Gene promoter - Luciferase reporter assay help - (Jul/10/2018 )

Hi there, I've never done a Luciferase reporter assay before and am also new to DNA cloning etc, which is why I'm very confused.

I have a plasmid with my gene promoter of interest linked to Luciferase reporter in the pGL3 basic vector, available from Addgene. I need to express it in HEK 293T cells, which are human cells. However, on looking into it further, it turns out that the only gene promoter available on Addgene is the mouse version. 

I wanted to see whether my stimulus will induce transcriptional activity in my promoter (demonstrated by luciferase activity). However, having seen this is the mouse version of my promoter gene, I am wondering whether this experiment will work in human cells?  
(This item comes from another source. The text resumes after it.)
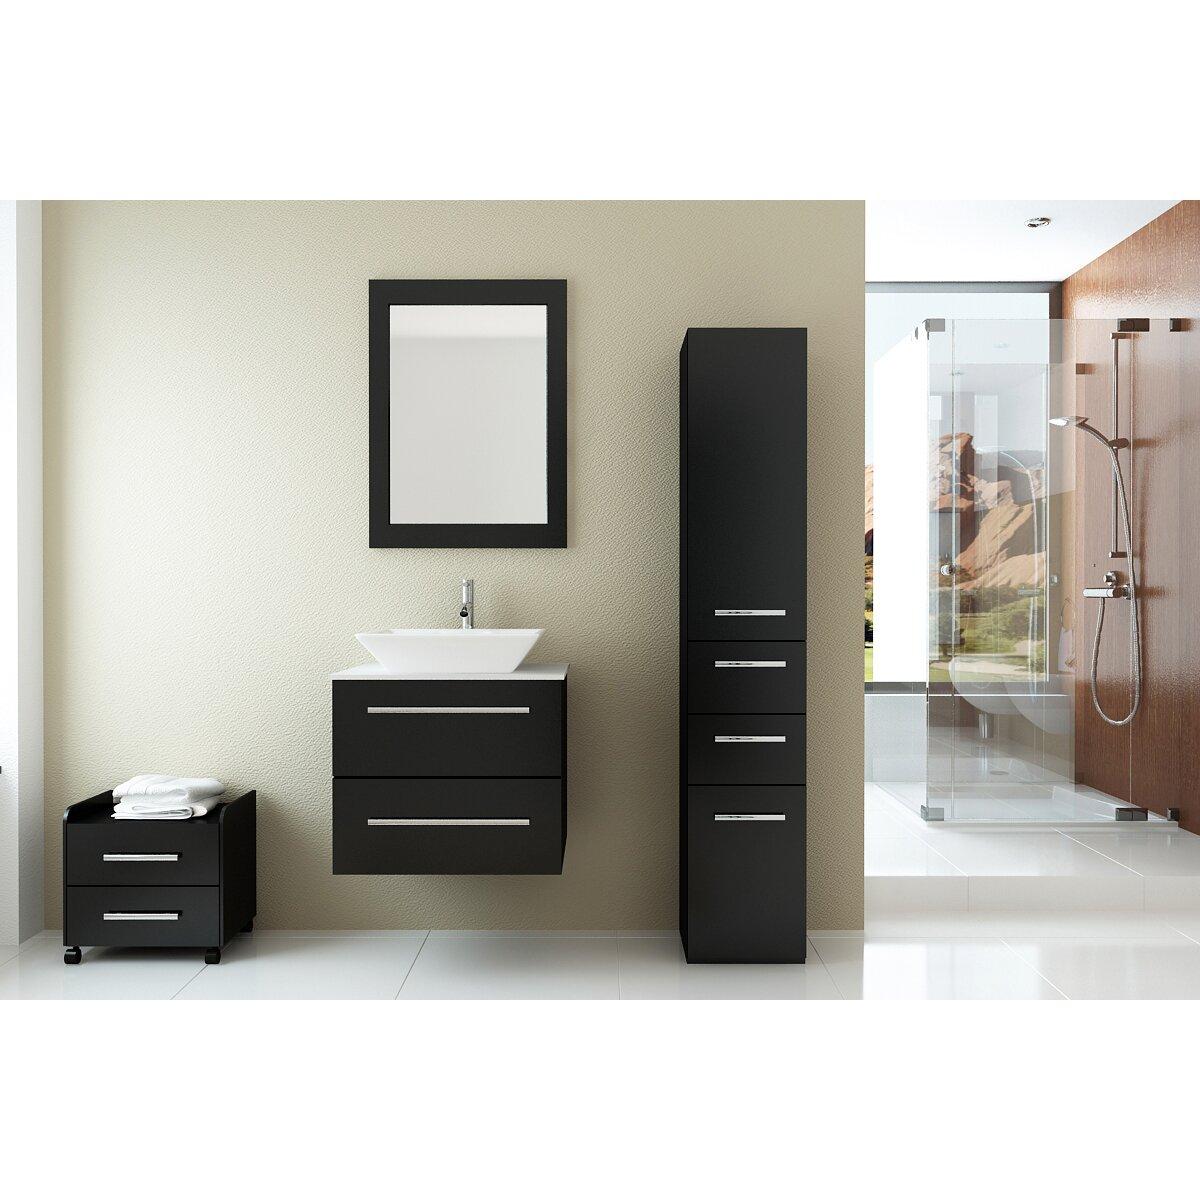 Jwh Living Carina 24 Single Wall Mounted Bathroom Vanity Set Reviews Wayfair

Could someone please shed some light on this? Any additional info on the assay protocol would also be useful. 

Thanks so much

Natalia

It probably depends on your promoter, specifically, as to how well it would work in another mammalian species. I suggest you look at the references for the plasmid- from the lab constructed it. Read any publications to look for clues on how species-specific it is. Did they use it in mouse cells or others? If that doesn’t help, see if you can contact any of the people who deposited it for their opinion. Another Source of information: contact Addgene itself. They have a PLASMIDS 101 educational resource and forum: https://blog.addgene.org/plasmids-101-the-promoter-region

You may find that it would be best to match the promoter species origin to the cellular origin.  If you must use the human cells, and if you can get the nucleotide sequence of the human promoter from GenBank, maybe you can design PCR primers and amplify the human promoter out of some genomic DNA derived from those cells. You could add convenient restriction sites in the primers and clone it into the position now occupied by the mouse promoter in the plasmid. You’d have to sequence the new fragment to confirm its sequence.
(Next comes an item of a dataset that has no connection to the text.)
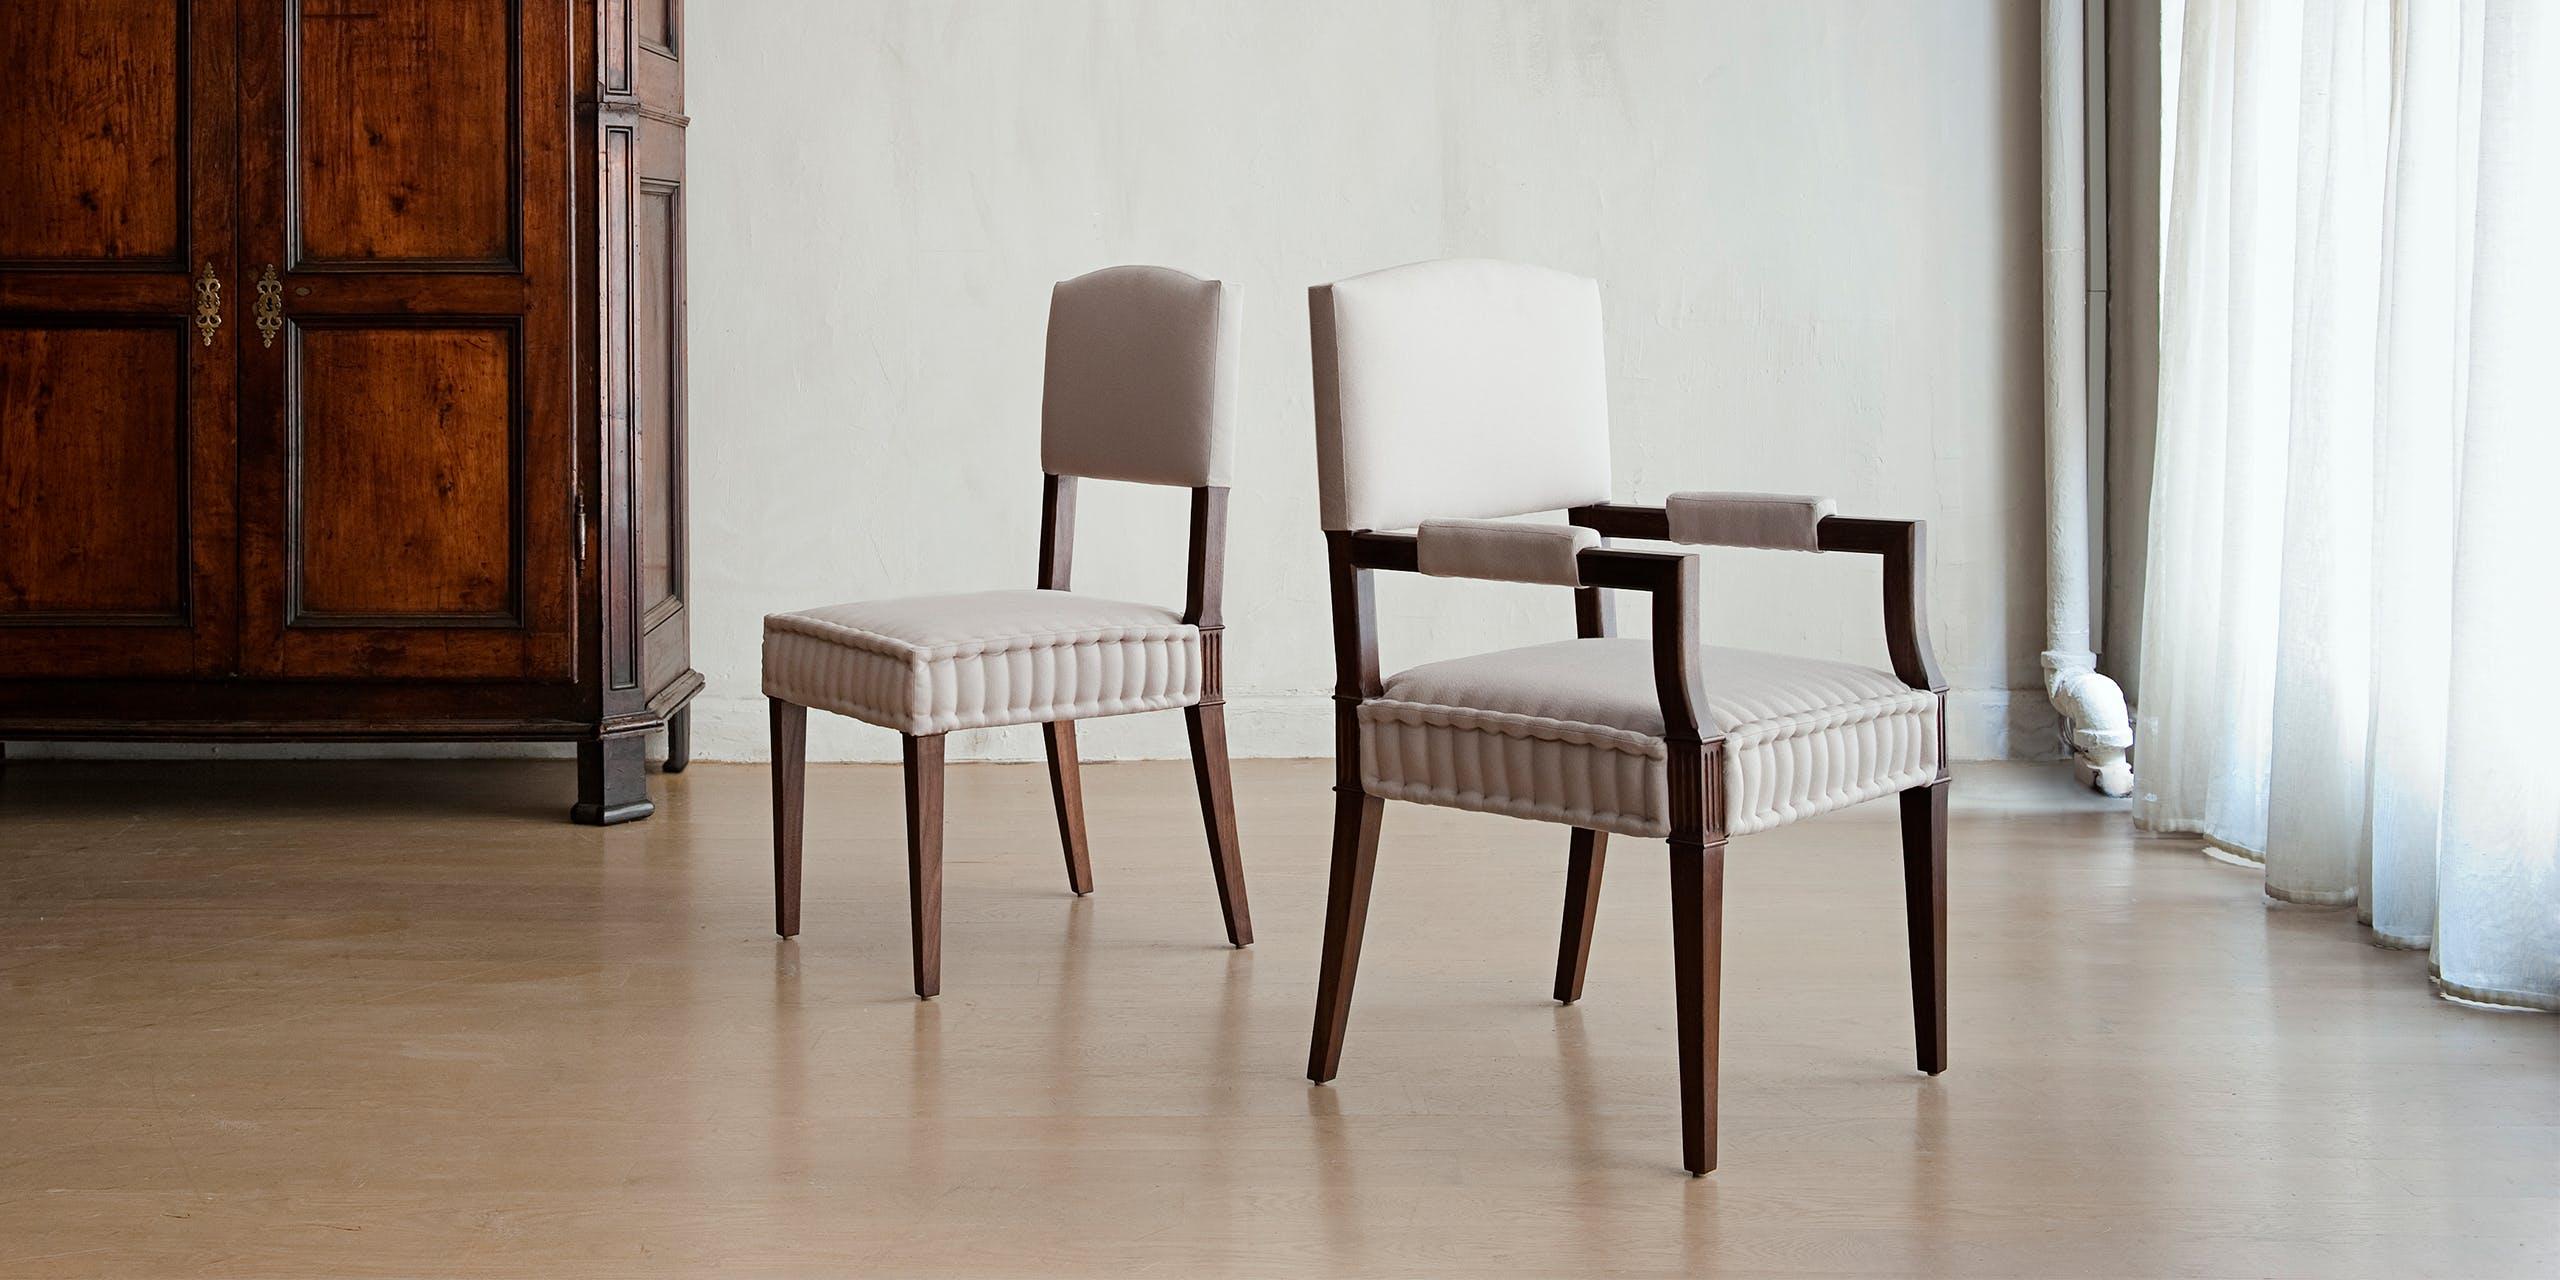 Brampton chair main.jpg?ixlib=rails 2.1

Thanks for your suggestions Old Cloner. Problem is I've never done any cloning before and have very limited time to get the results for this experiment. Do you have experience in carrying out luciferase assays? 

Not really- I have built a lot of expression and reporter constructs for the use of others (that was my job) but the downstream stuff in eukaryotic cell culture was in the client's hands.  Hopefully someone with that experience will jump in here!